Problem details
The copy you give must match the listing below exactly and contain no pictures.

Data
# # # # # # #
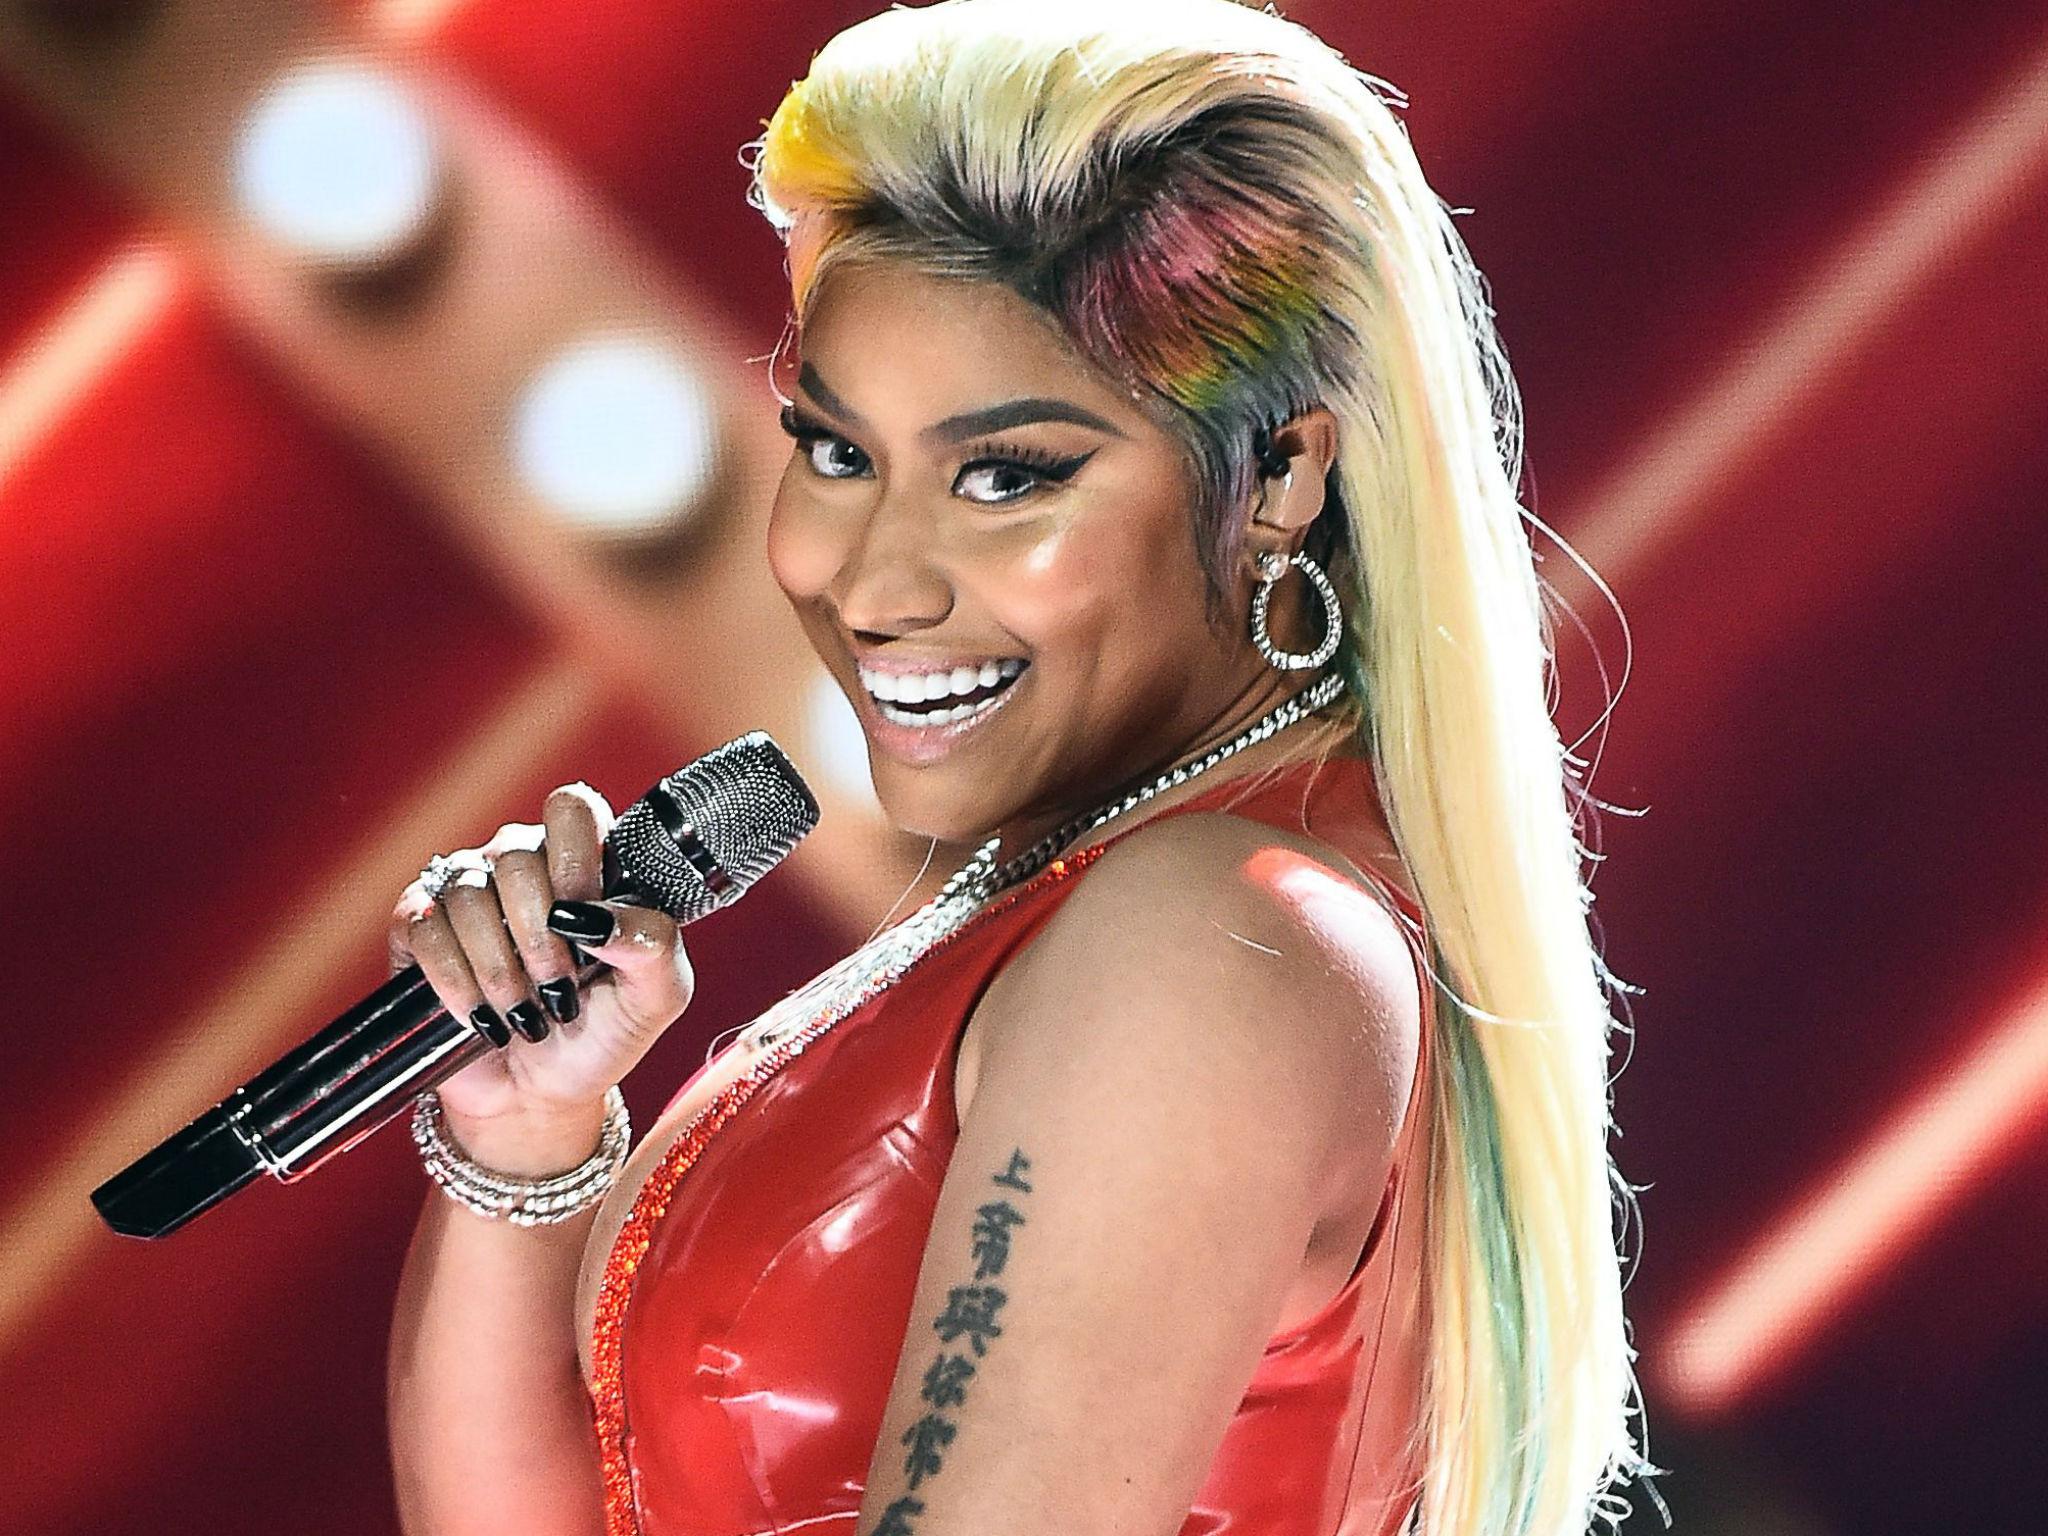 El bochorno de Nicki Minaj al cancelar concierto en directo 1
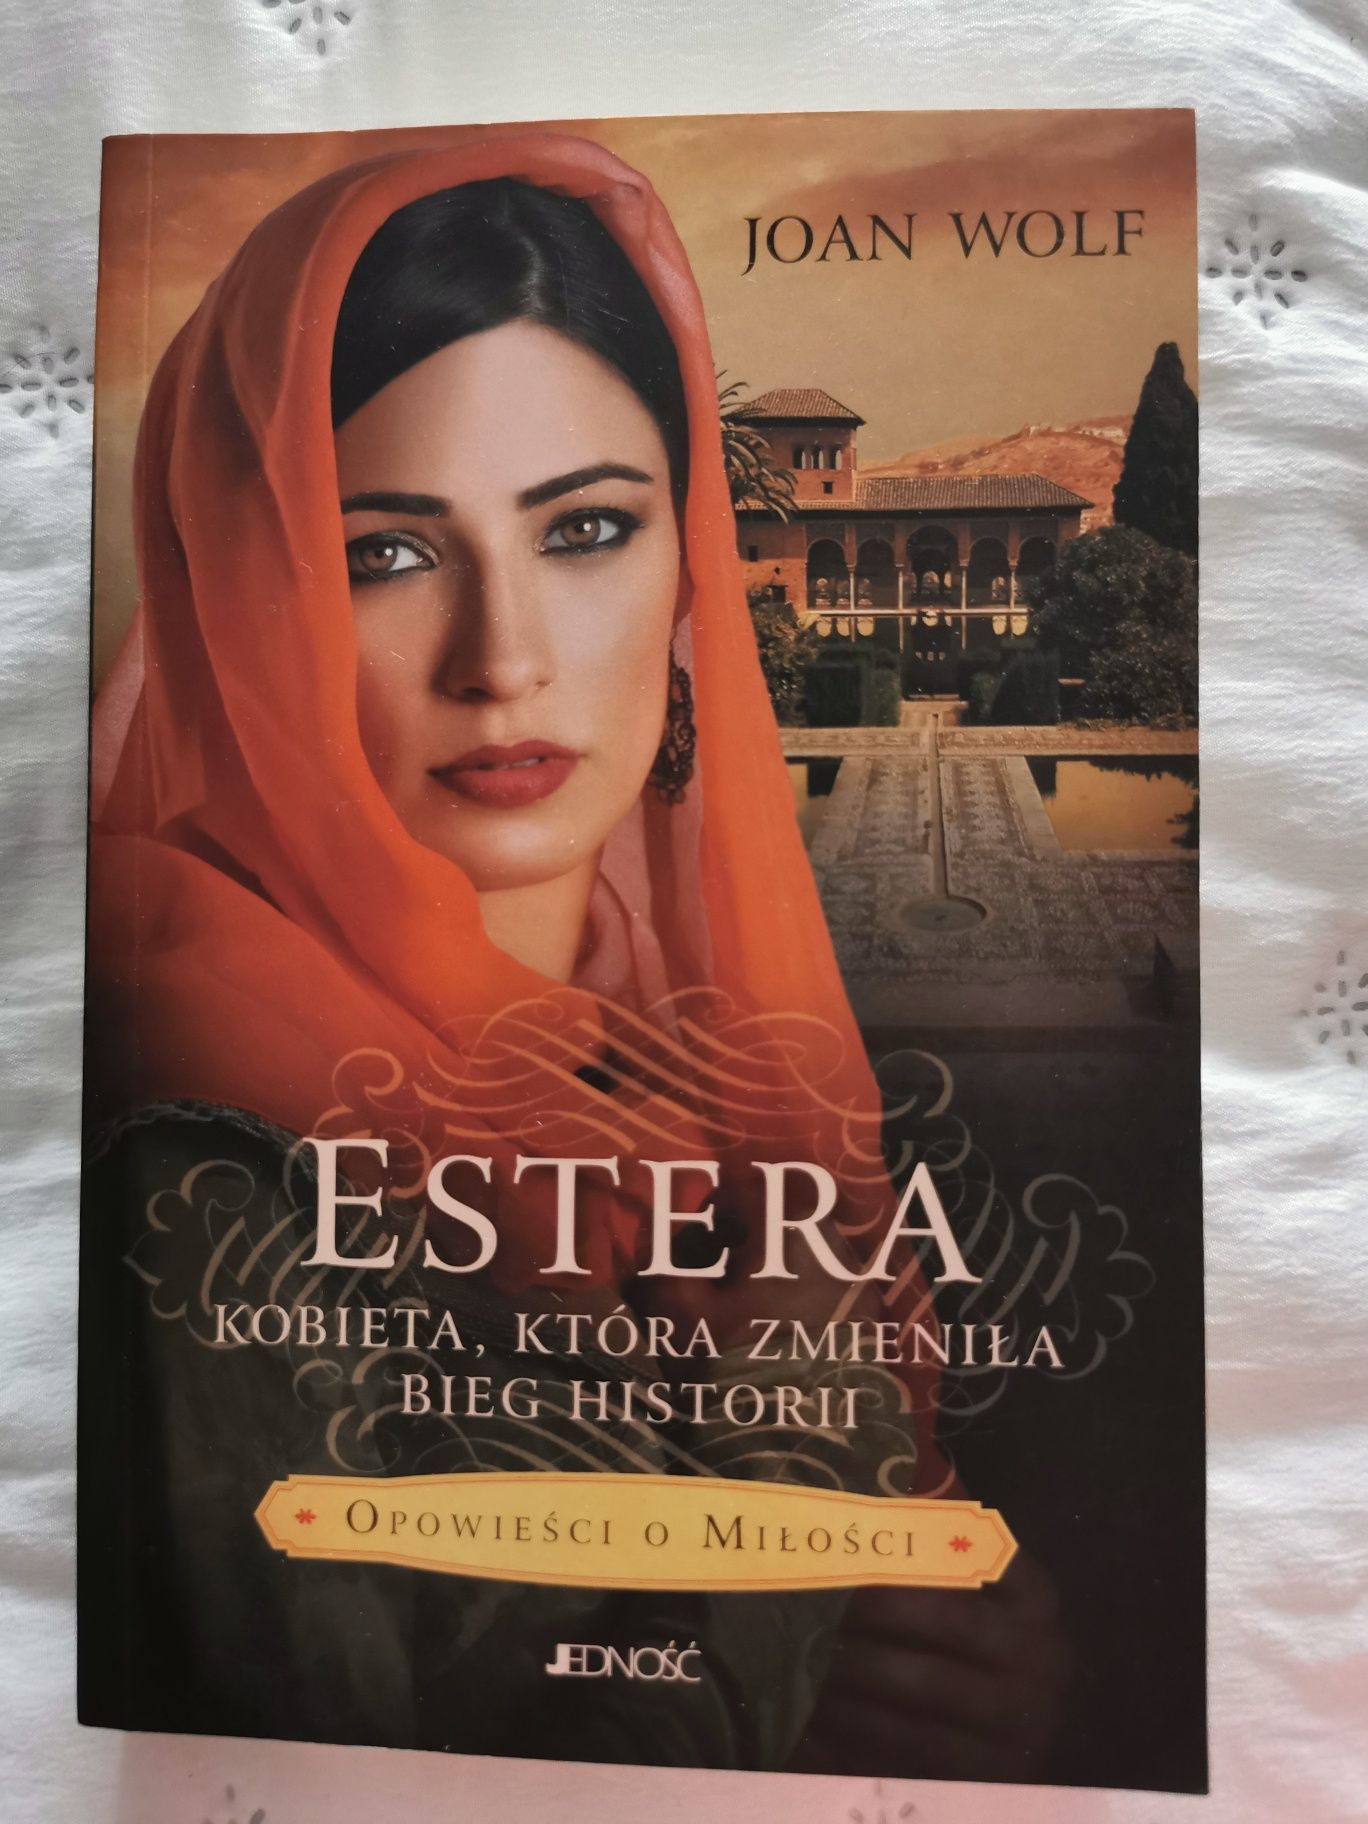 Estera - Kobieta która zmieniła bieg historii. Joan Wolf
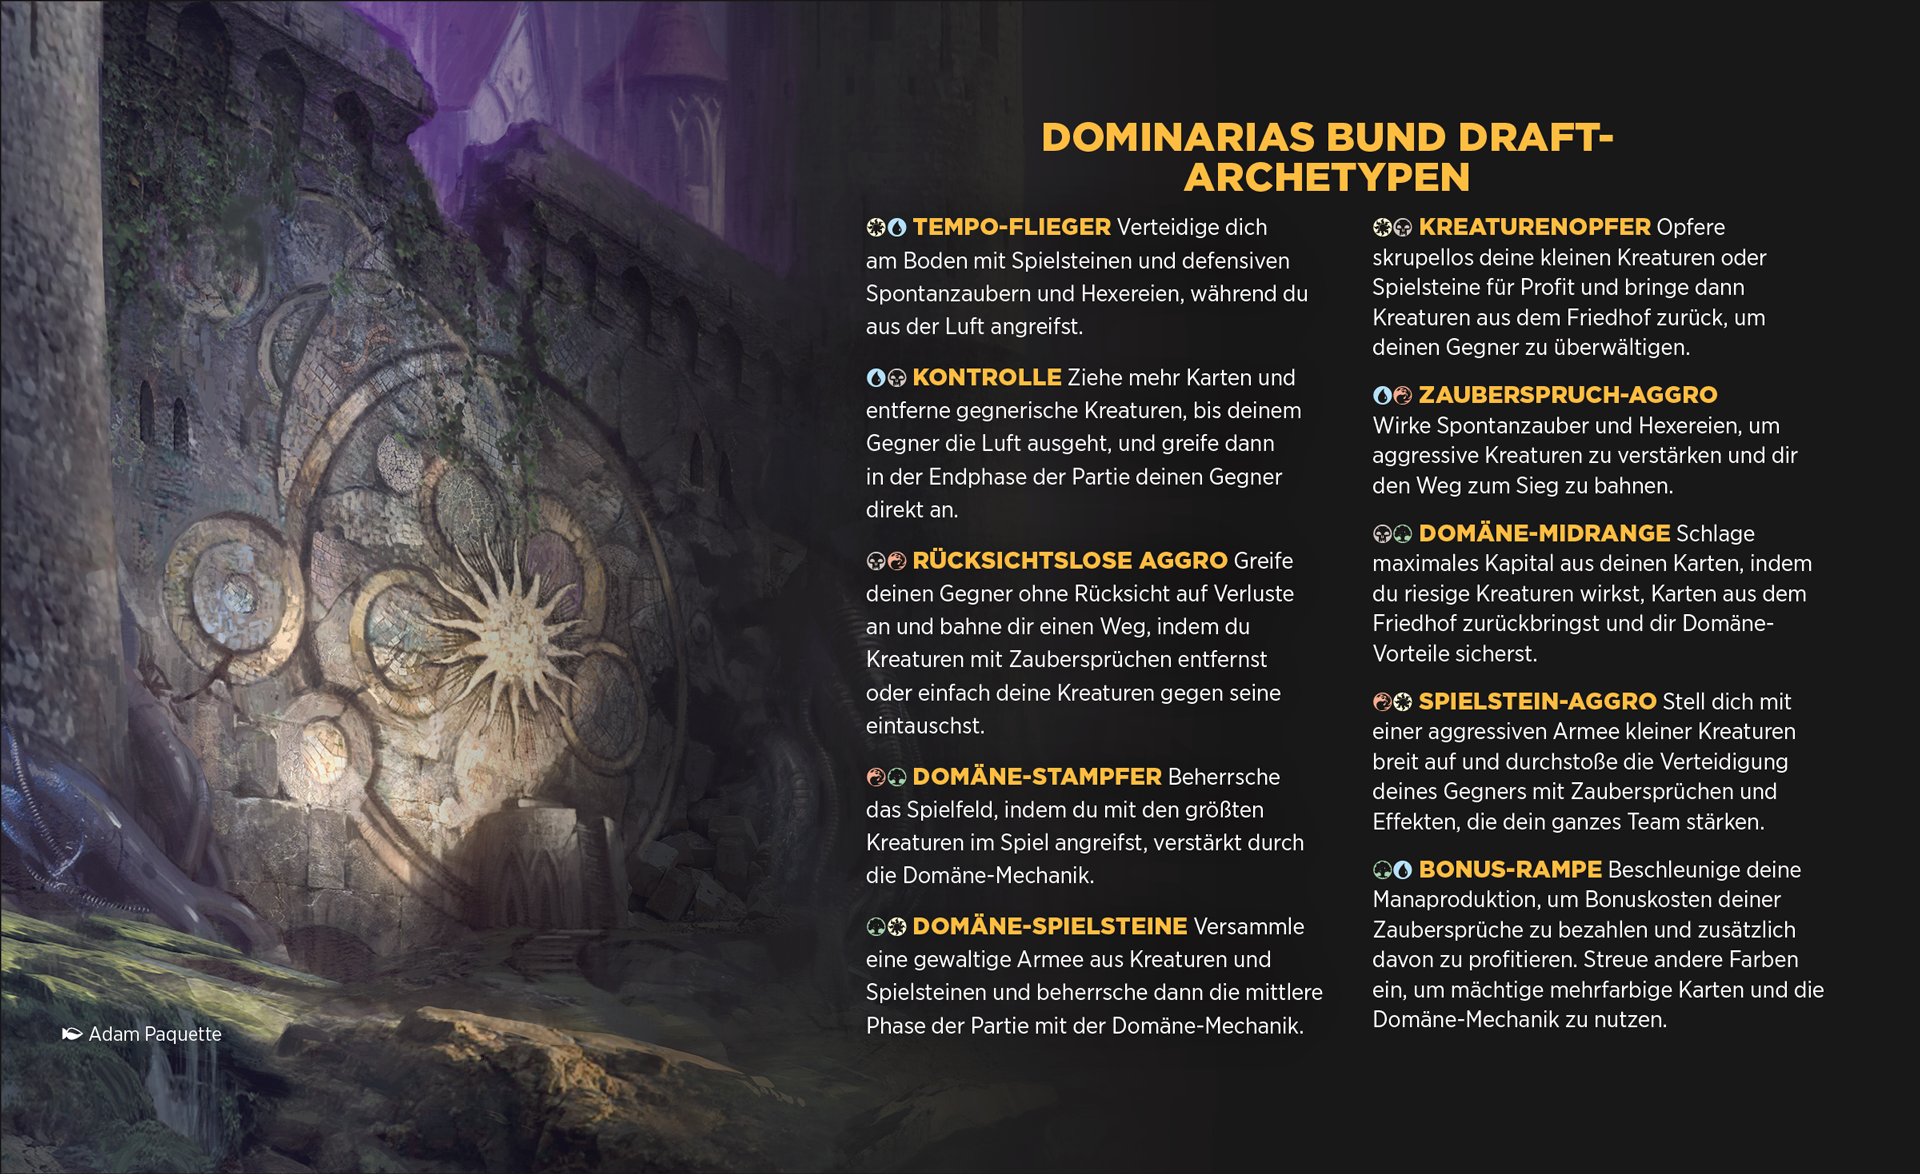 Draft- und Sealed-Archetypen von Dominarias Bund
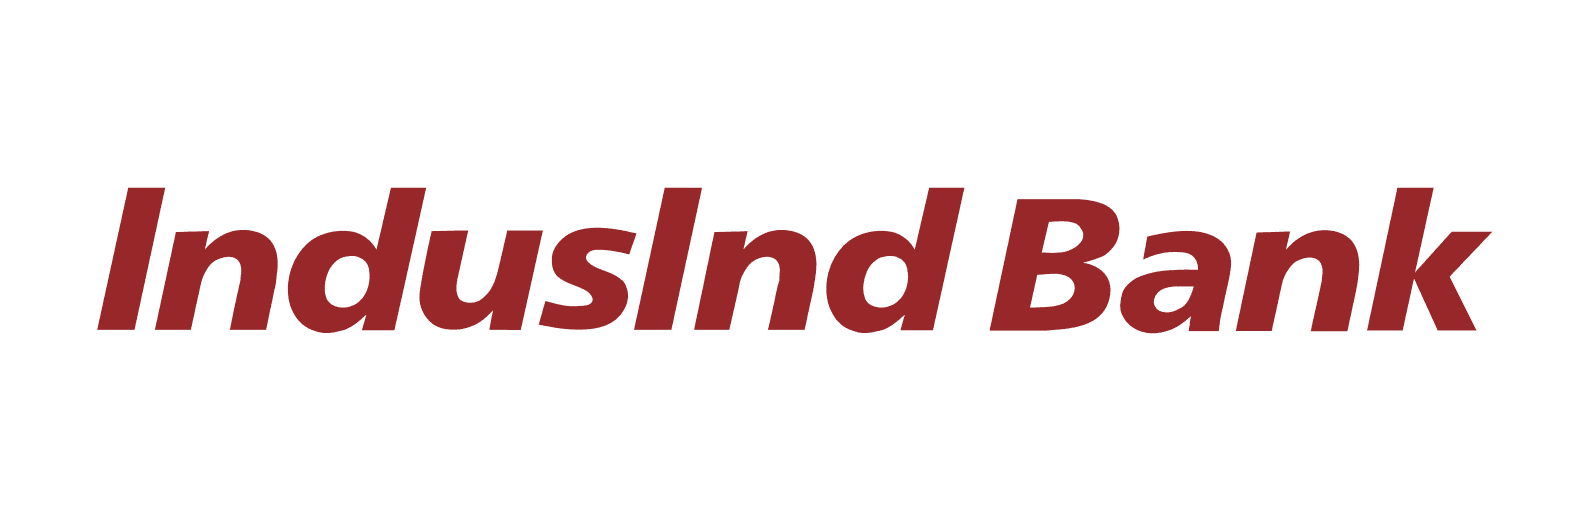 indusland bank
# # # # # # #
Task solution
 El bochorno de Nicki Minaj al cancelar concierto en directo 1
 Estera - Kobieta która zmieniła bieg historii. Joan Wolf
 Draft- und Sealed-Archetypen von Dominarias Bund
 indusland bank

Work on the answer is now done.